Durch die Finanzierung der Ausbildung von über 100 neuen Flechterinnen werden wir unsere Produktionskapazität mehr als verdoppeln. Wir werden zudem in den Flechtgemeinden lokale Flechtzentren errichten und einen zentralen Workshop mit einem eigenen Schneider aufbauen. Die erfolgreiche Finanzierungskampagne wird es uns zudem ermöglichen, das erwähnte Onlinevertriebssystem mit Sitz in Deutschland zu testen und aufzubauen.
Wie sehen Sie die Entwicklung Ihres Unternehmens in den kommenden Jahren?
Unsere Expansionspläne werden uns für die nächsten zwei Jahre beschäftigen. Die Umsetzung dieser Pläne wird die Nachhaltigkeit des Unternehmens stärken und es uns erlauben, in Zukunft vielen zusätzlichen Familien eine Perspektive zu geben, ihre Lebensumstände mit sicherer Arbeit und fairem Einkommen dauerhaft zu verbessern.
Herr Litscher, wir bedanken uns für das Interview.
Zur Person:
Ueli Litscher ist gebürtiger Berner und ist 29 Jahre alt.
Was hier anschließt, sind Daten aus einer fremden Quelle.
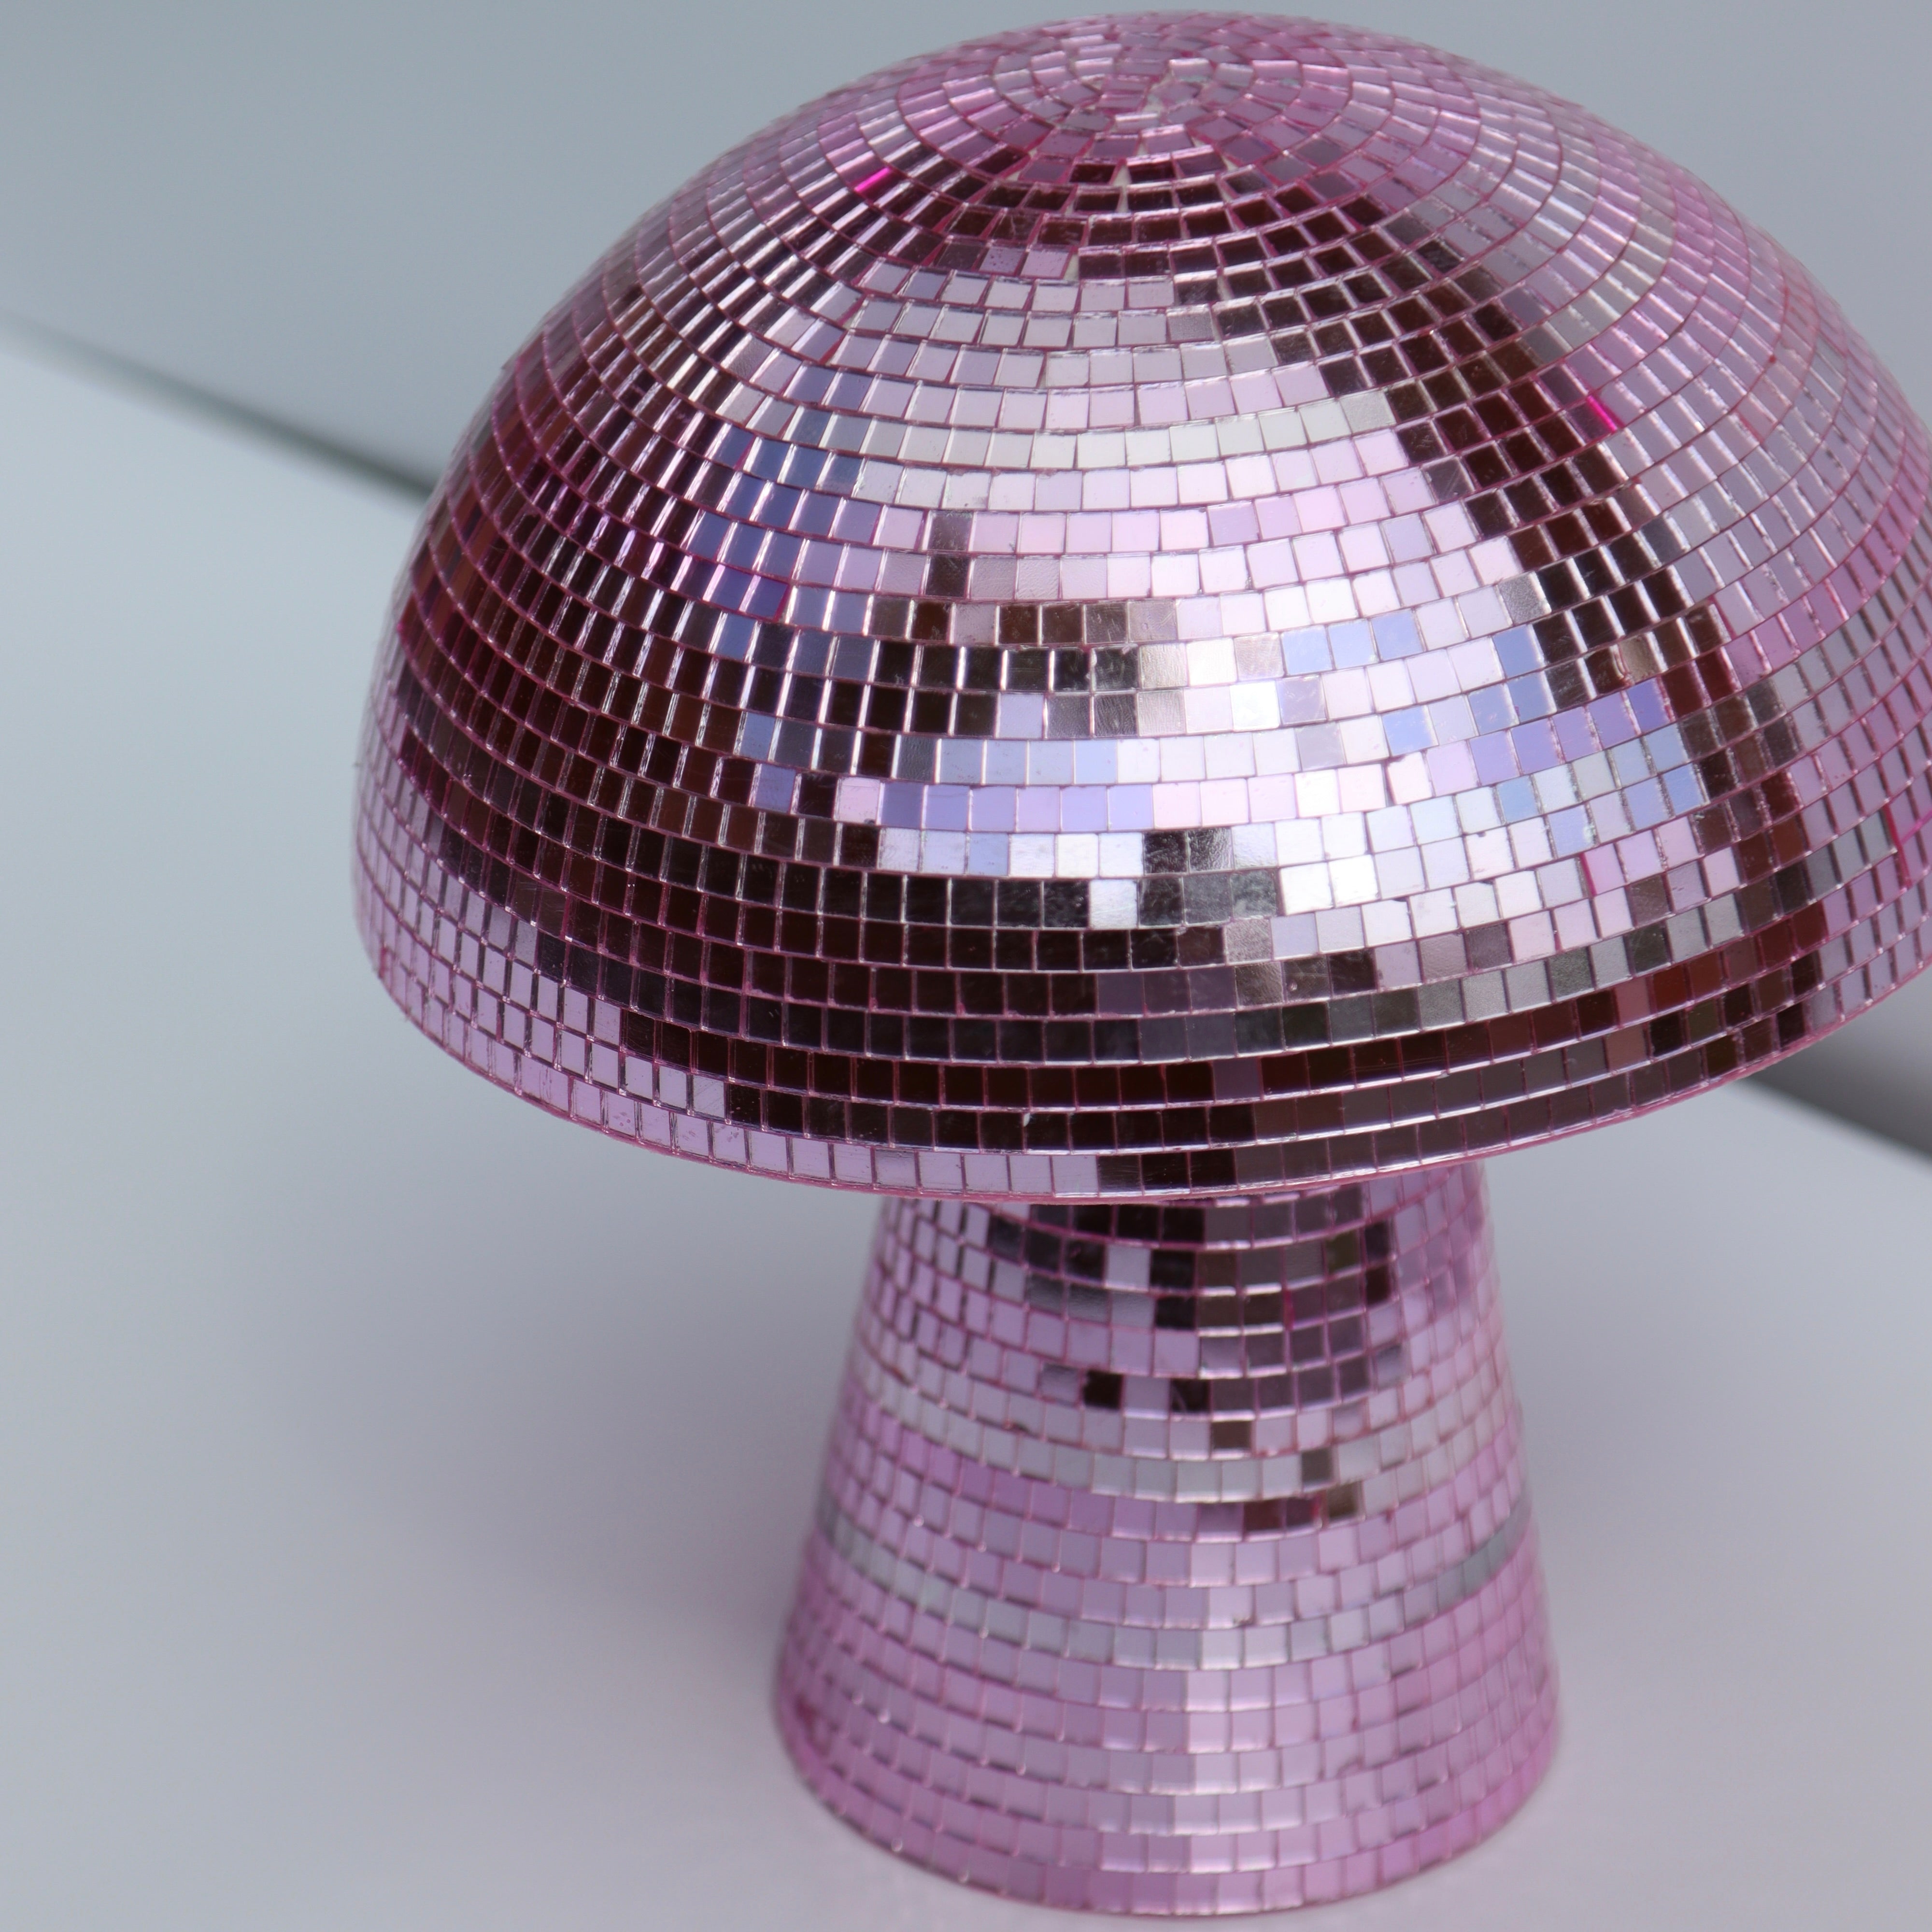 pink disco mushroom disco ball ✨

Obschon er sein halbes Leben im Ausland verbrachte, fühlt er sich immer noch eng verbunden mit der Stadt Bern, welche er sein Zuhause nennt und wo er immer noch ein sehr enges soziales Netzwerk von Freunden pflegt. Nach seinem Master in Entwicklungswissenschaften zog er nach Tansania, wo er seit vier Jahren lebt zusammen mit seiner amerikanischen Verlobten und ihren zwei Katzen.